------ Data segment

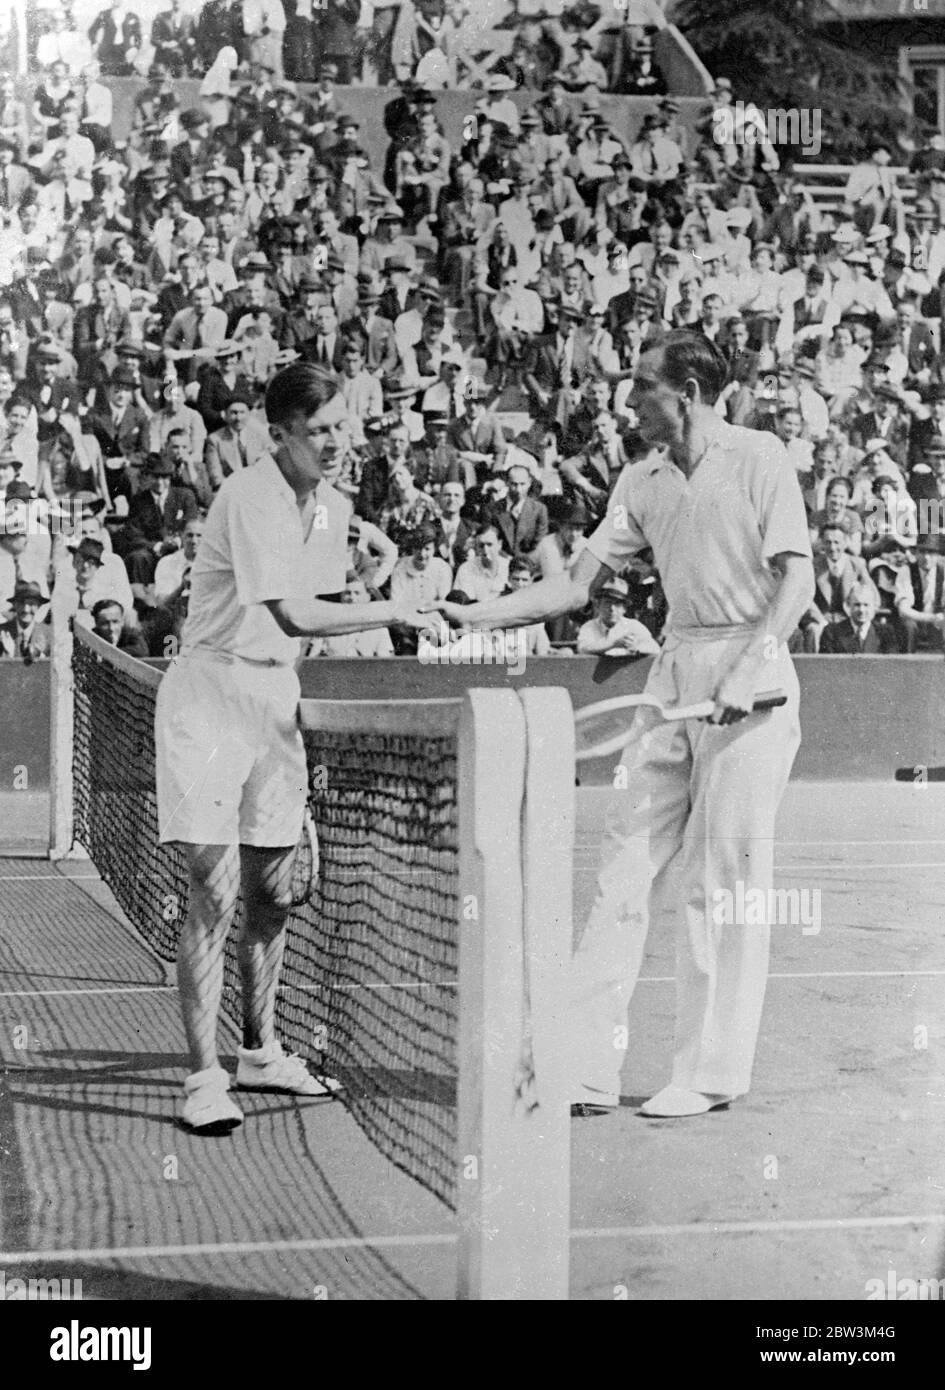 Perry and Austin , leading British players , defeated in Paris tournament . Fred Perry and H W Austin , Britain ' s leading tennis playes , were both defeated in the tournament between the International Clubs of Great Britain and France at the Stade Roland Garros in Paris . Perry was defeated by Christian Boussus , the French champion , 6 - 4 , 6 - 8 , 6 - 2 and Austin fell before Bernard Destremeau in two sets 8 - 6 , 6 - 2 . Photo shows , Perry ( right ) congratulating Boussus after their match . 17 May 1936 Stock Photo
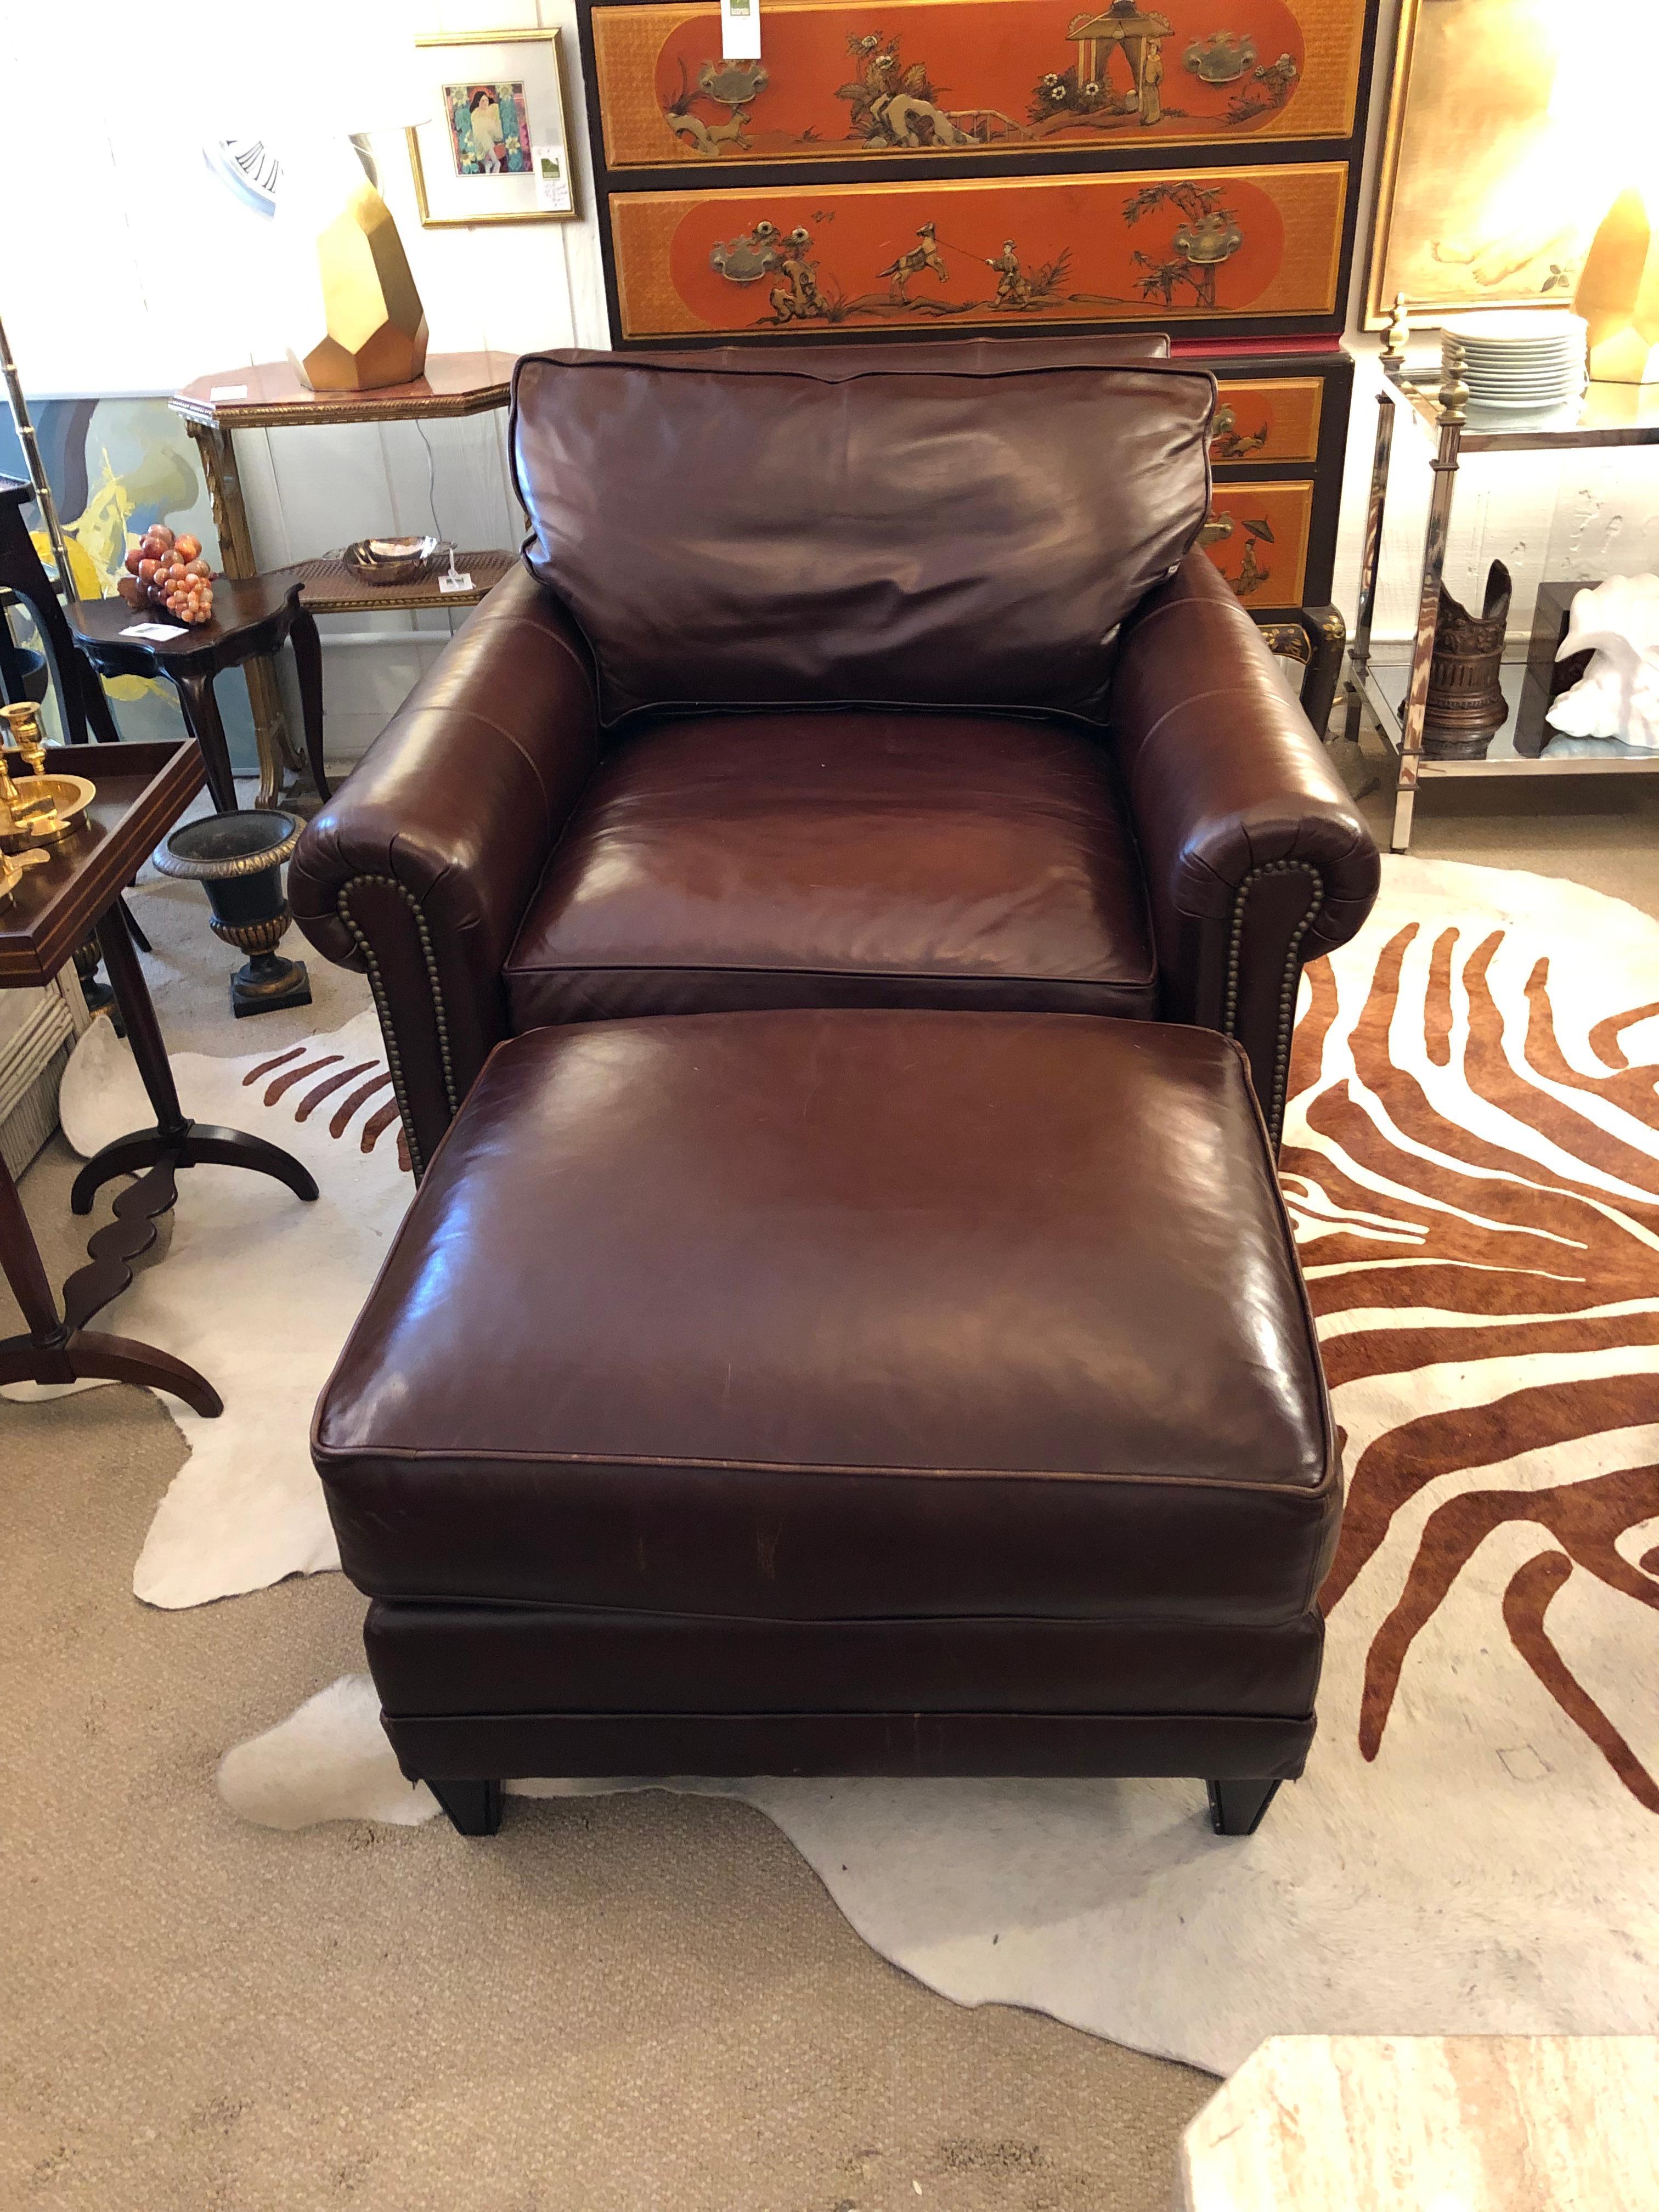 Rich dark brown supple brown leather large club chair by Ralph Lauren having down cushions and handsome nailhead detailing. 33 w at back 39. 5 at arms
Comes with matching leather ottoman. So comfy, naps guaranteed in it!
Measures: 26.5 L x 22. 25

------------

Activity
Starting with the line that contains "Comes with matching", output every line through the end of the listing above, unchanged.

Exercise result
Comes with matching leather ottoman. So comfy, naps guaranteed in it!
Measures: 26.5 L x 22. 25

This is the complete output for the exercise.